Sociology – professional or pragmatic?

Once again I came away from the BSA Conference with the message that sociology was in crisis but at the same time at a moment of great opportunity if only it could sort out precisely what it is and what it’s for. And once again I came away feeling cautiously optimistic. One source of this optimism was the presentation given by John Holmwood Sociology’s ‘moments’: Democracy, expertise and the market. A major contention of his paper, and one that has significant consequences for sociology, is that the dominance of neo-liberal public policy since the late 1970s has sought to replace ‘publics’ with ‘markets’.

G H Mead (1863–1931)

In elaborating on the problems this presents to sociology, not least because the discipline and its institutional home in Universities are also being subject to a process of marketization and financialization, John contrasted the Parsonian project to create a professional sociology immune to ideological distortion with the American Pragmatists that developed the notion of the social self in the process of a critique of liberalism (1). It was Mead at the turn of the 19th century that saw the increasing tendency for government to merge with business and the industrial world. Dewey maintained that government did not so much represent the public interest as those of corporations and markets. Then, as now, this has significant consequences for our notions of democracy and the political role of the public sphere.
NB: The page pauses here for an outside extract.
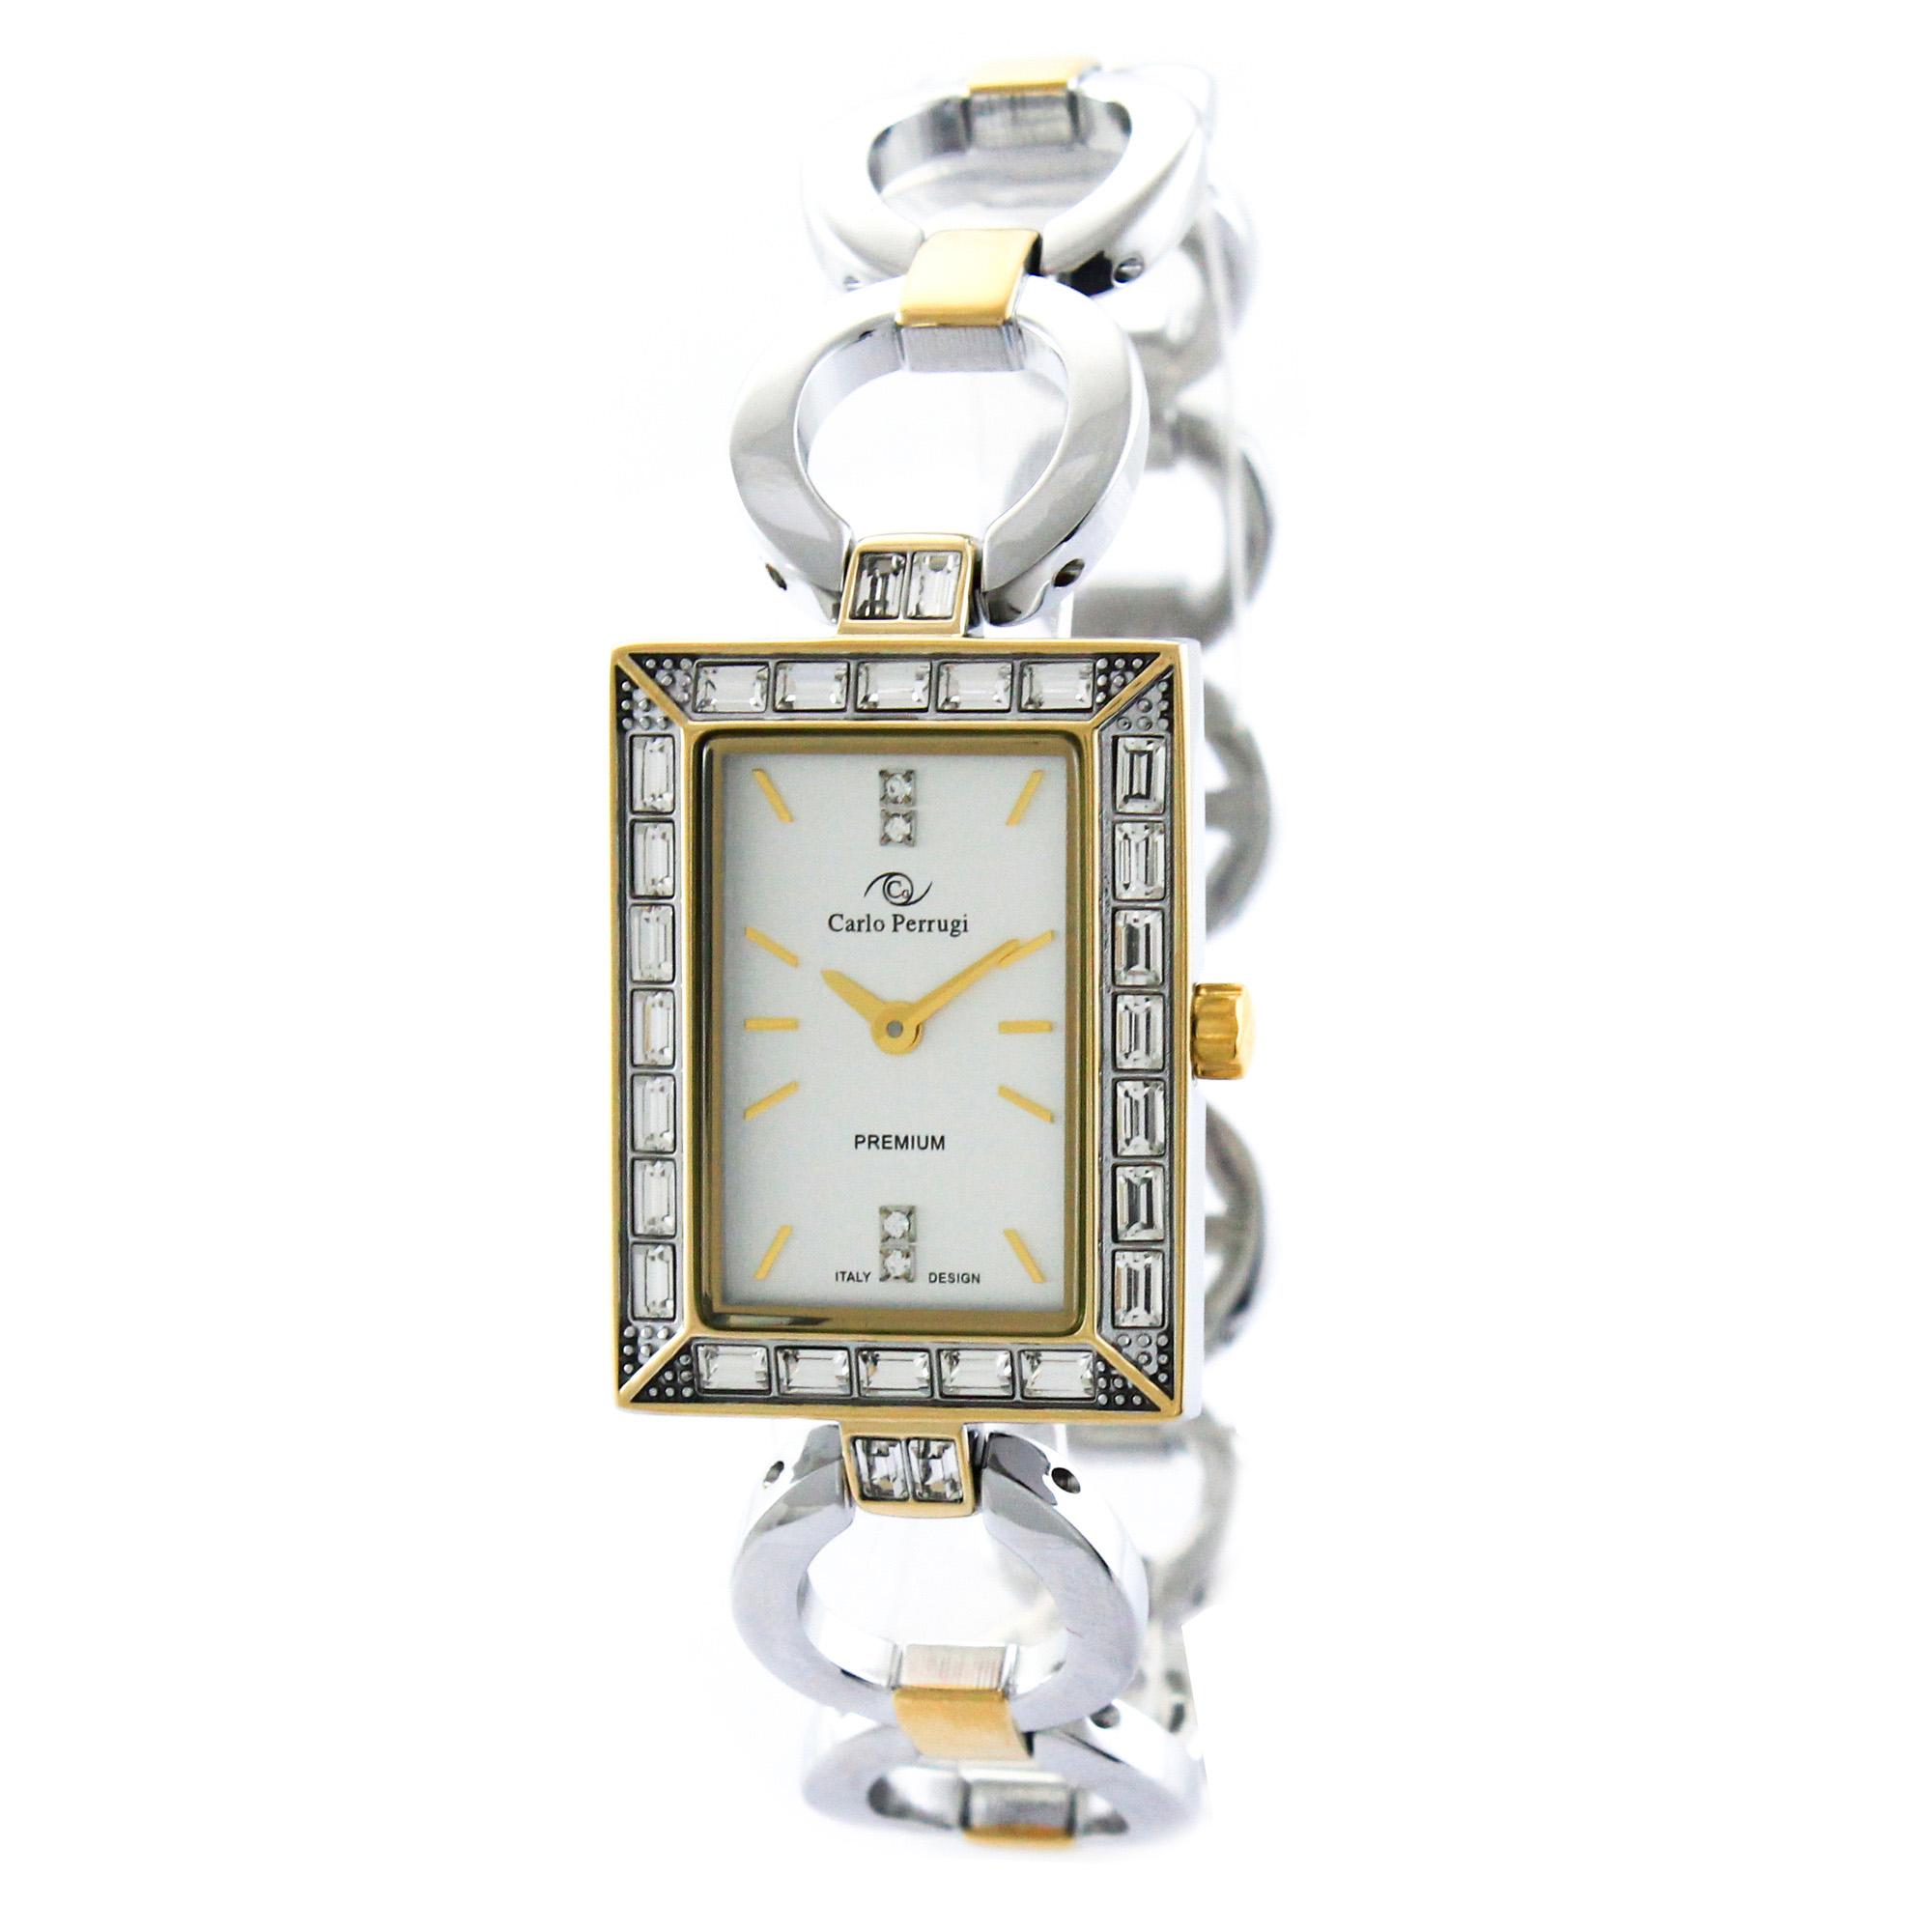 ساعت زنانه برند کارلو پروجی مدل SL002008-3

But, according to Mead, this presents opportunities to the ‘public’ that emerge from forms of resistance and moments of critique.

A conception of a different world comes to us always as the result of some specific problem which involves readjustment of the world as it is, not to meet a detailed ideal of a perfect universe, but to obviate the present difficulty ….  [The Working Hypothesis in Social Reform American Journal of Sociology, November 1899]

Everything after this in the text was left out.